Estimates of the size of U.S. gas reserves are uncertain, especially in the Marcellus Shale, the report said, calling the Marcellus “the heart of the uncertainty.”

On international efforts to hit emissions targets set by the Paris accord, most countries have been meeting their requirements but doing so won’t come close to limiting the global temperature rise to 2 degrees Celsius, the report said.

Pledges by the signatories of the Paris agreement would sharply slow the growth of carbon emissions but the overall rate would still be increasing, clearly missing the target of reaching a peak in emissions as soon as possible.

John Quigley, former Secretary of Pennsylvania’s Department of Environmental Protection, highlighted a shift toward renewable fuels that the report said will account for 60 percent of all new power generation by 2040.

But the increasing adoption of renewables, coupled with other emissions policies, still are not enough to slow climate change in line with the Paris target, Quigley said.

“There’s clearly an energy shift going on but that is not fast enough to save us from catastrophic warming,” Quigley said, in an interview.

Plans by President-Elect Donald Trump to pull the U.S. out of the Paris accord and scrap the Clean Power Plan may slow the global “energy transformation” but are unlikely to halt it because renewables are becoming increasingly competitive with fossil fuels, said Quigley, now a senior fellow with the University of Pennsylvania’s Kleinman Center for Energy Policy.

Trump, who has called climate change a hoax, may well follow through on his campaign promises to withdraw from the Paris accord, Quigley said, and that may tempt China, India and Europe to drop their own commitments.

But he predicted that China and India will be compelled to switch eventually to renewable fuels because their existing energy mix, with a large contribution from coal, is creating emissions that are killing thousands of their citizens.

The IEA’s Executive Director, Dr. Fatih Birol, issued a statement after the report was released, saying that the agency’s analysis could be adjusted in light of any changes in U.S. policy resulting from Trump’s victory in the presidential election.

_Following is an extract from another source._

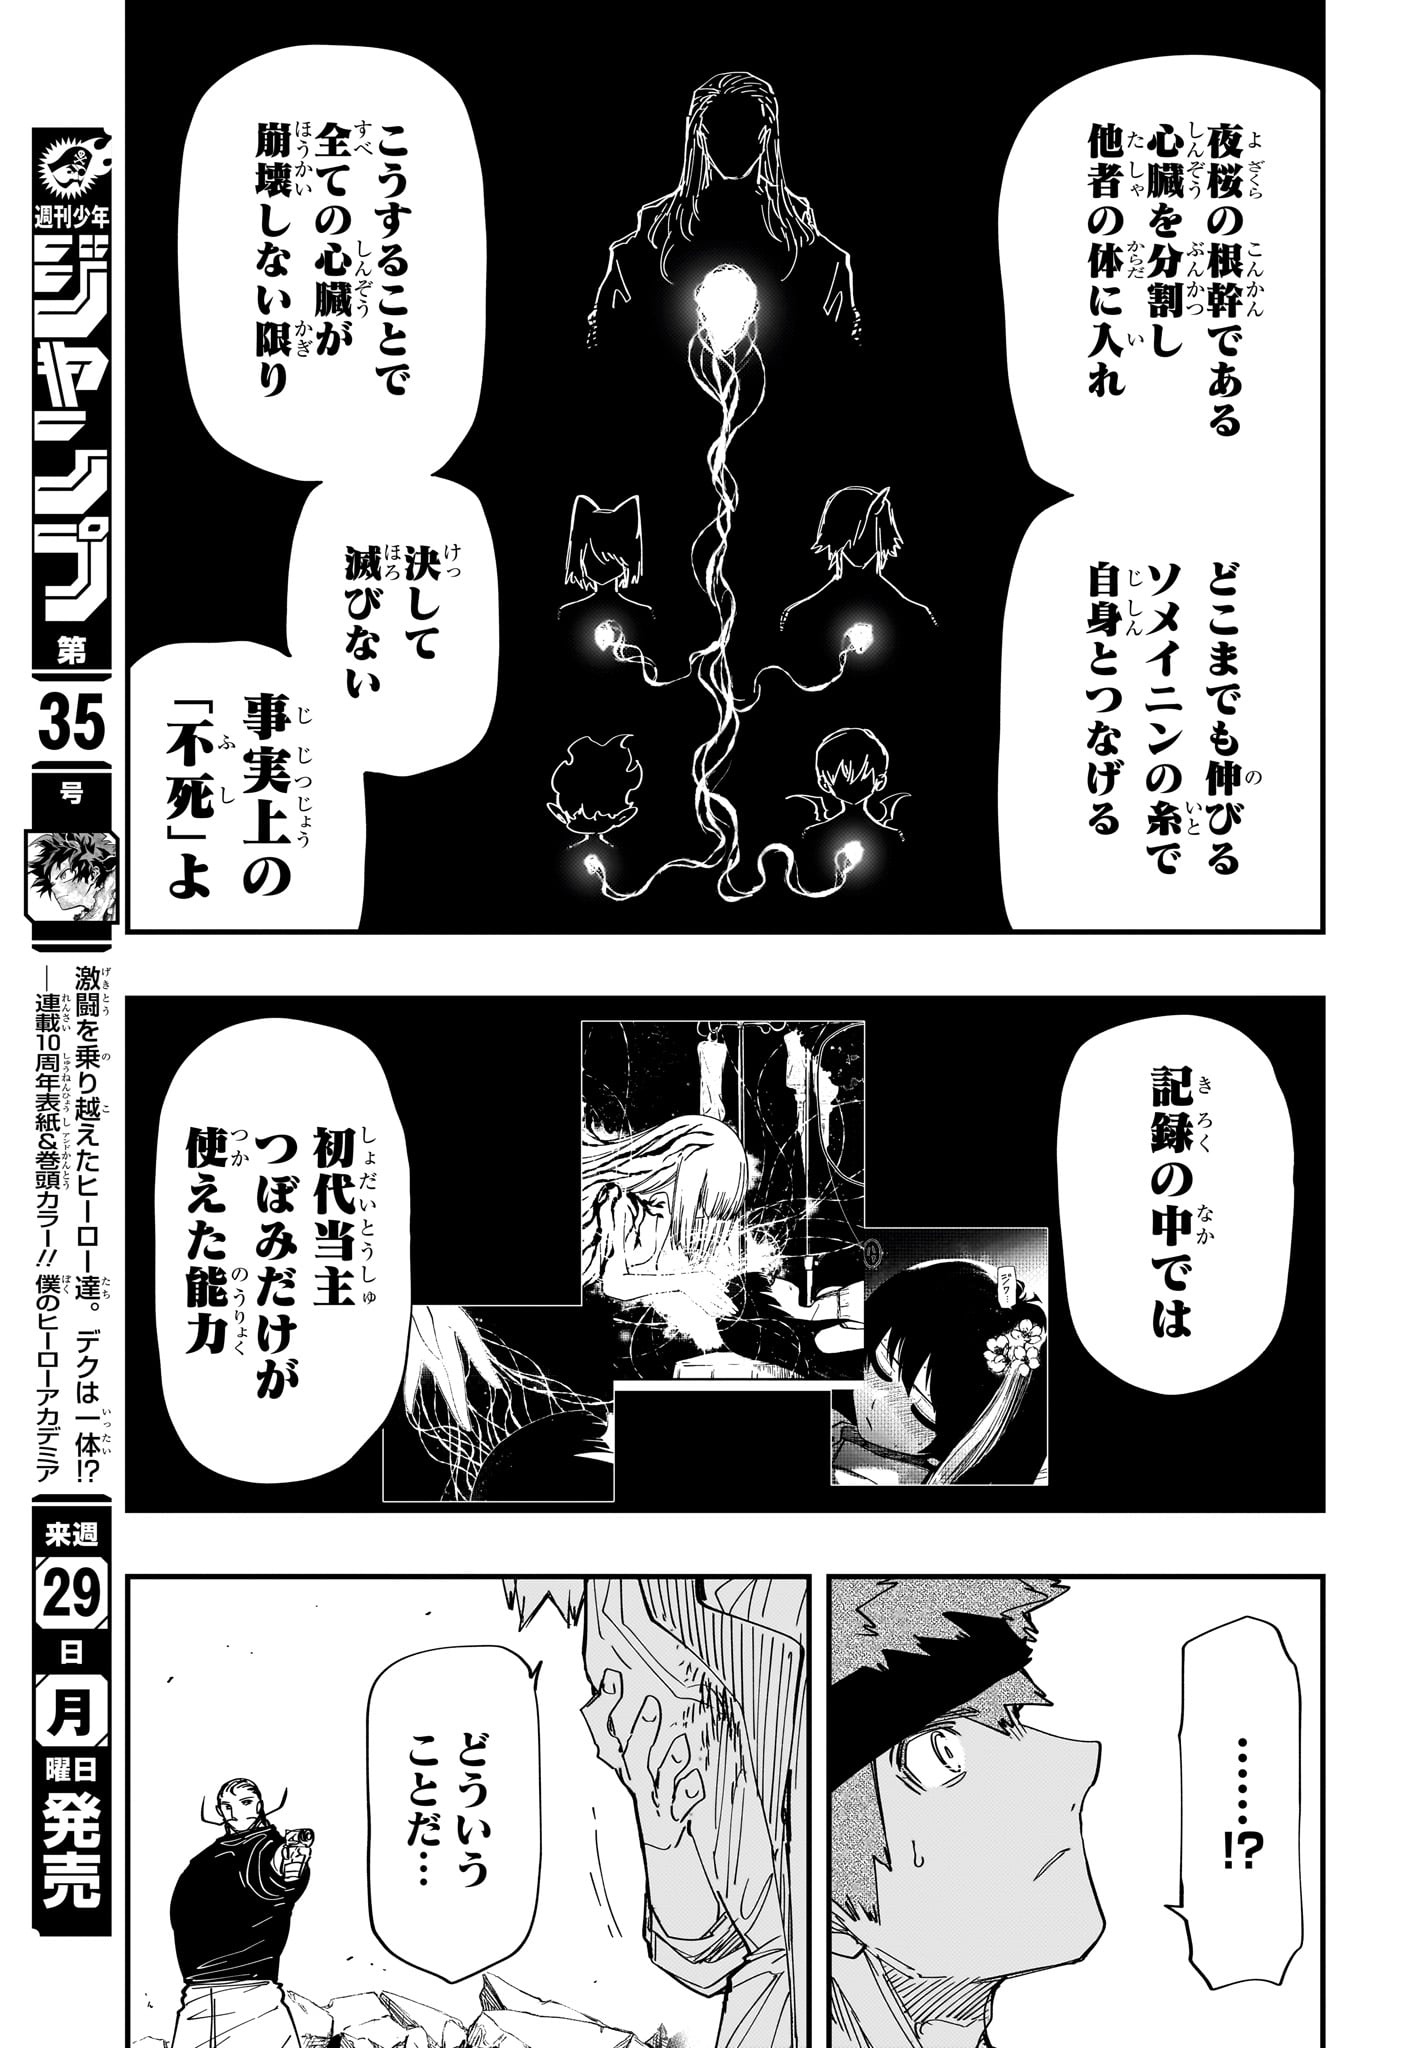 Yozakura-san Chi no Daisakusen - Chapter 235 - Page 11

“Governments come and go around the world, this is a perfectly normal thing, and energy policies change with changes in administration,” the statement said. “We may well see a change in US policy and given the size of the US economy and its importance in the global economy, these changes may have global implications. If there are such changes, we will include them in our forecasts and analysis. But for now, it would be premature to speculate on what these policies might be. We will wait for real policies to be announced and put in place.”

In Pennsylvania, a large-scale switch toward cleaner-burning natural gas – though not yet renewables – is shown by the number of DEP permit applications for gas-fired power plants whose total capacity would completely replace remaining coal-fired plants, Quigley said.

That process is likely to continue unless the Trump administration subsidizes coal, a move that would conflict with another campaign promise to boost natural gas output, Quigley said.